She adds that their love “is what poets write about. From the moment I saw  him there was some magical chemistry.”

C’mon. Doesn’t anything about him ever annoy her after so many decades of marriage? “No,” she says. “He just doesn’t bug me. We have such fun, and he’s kind, and he brings me coffee, and he’s funny … I really can’t think of anything.”

Somers met Hamel on the set of a game show when she was 19 and a struggling model and actress — “a small-town girl from San Bruno, California,” as she puts it — who had grown up with an abusive, alcoholic father. She was a single mother and divorced (from her son’s father, Bruce Somers). Hamel was a dashing Canadian television star and talk show host, divorced with two children. They eventually blended families; 40 years later they have six grandkids and, she says, "I feel like we were meant to be."
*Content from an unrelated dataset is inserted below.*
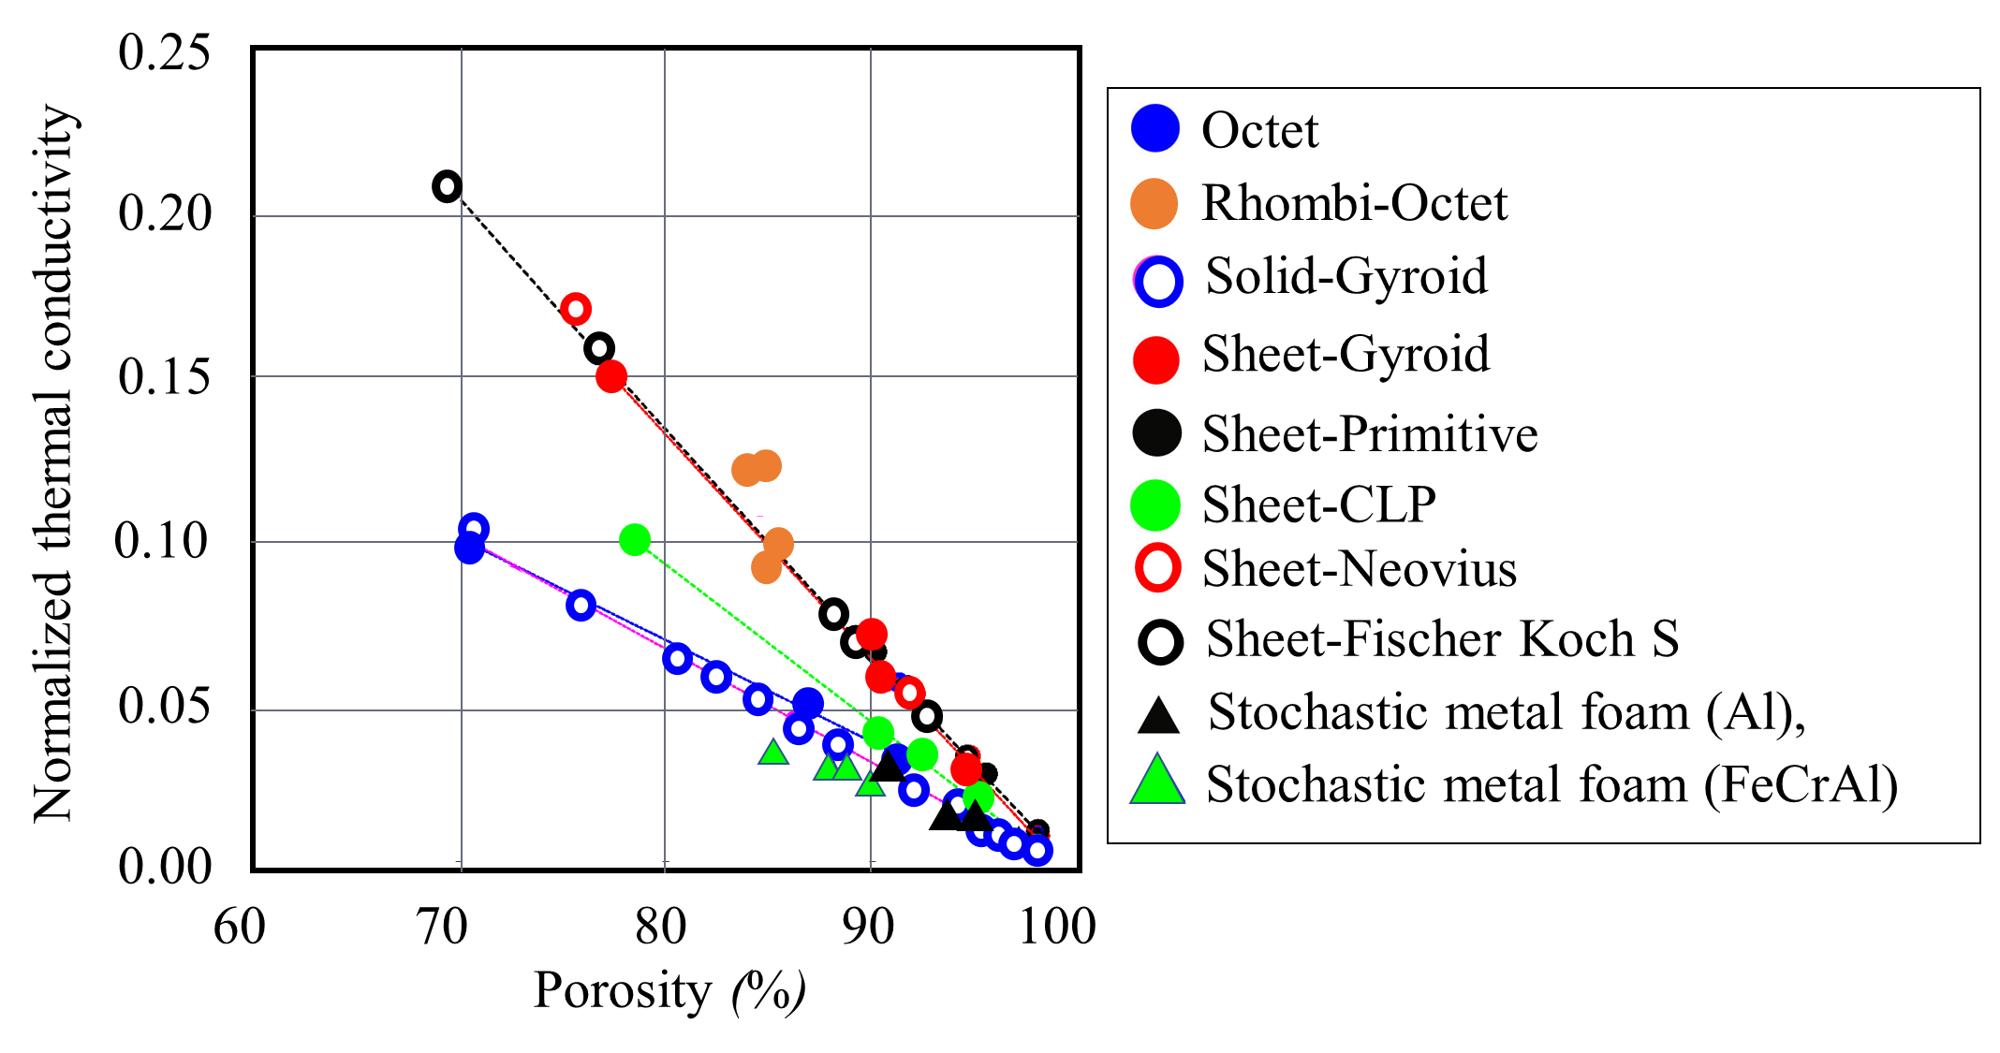 Normalized thermal conductivity for different lattices. Octet [20], Rhombi-Octet [21], Solid-Gyroid [22], Solid-Primitive[22], Sheet-CLP [22], Sheet-Neovius [22], Sheet-Fischer Koch S [22], Stochastic metal foam (Al) [23], Stochastic metal foam (FeCrAl) [24].

What are her secrets to their long and happy life?

Focus on the good

“Every morning I get up, and I do a meditation of gratitude for the love I have in my life, my wonderful husband, my wonderful children, the work I get to do, the country I get to live in,” she says. “I think happiness is something you can choose.”

Put energy into staying healthy and active

She does lots of yoga  and keeps them on an entirely organic diet that’s high in fat, protein and veggies — with no processed food. They follow a vigorous hormone-replacement regimen, which she believes adds to the vavoom in their bedroom.

Don't fight

"We don’t fight anymore. It’s such a waste of time to fight. If you’re a couple that bickers, step back and listen to yourselves. Did you start out like that? What are you fighting about? At this stage of life, why? It’s not worth it."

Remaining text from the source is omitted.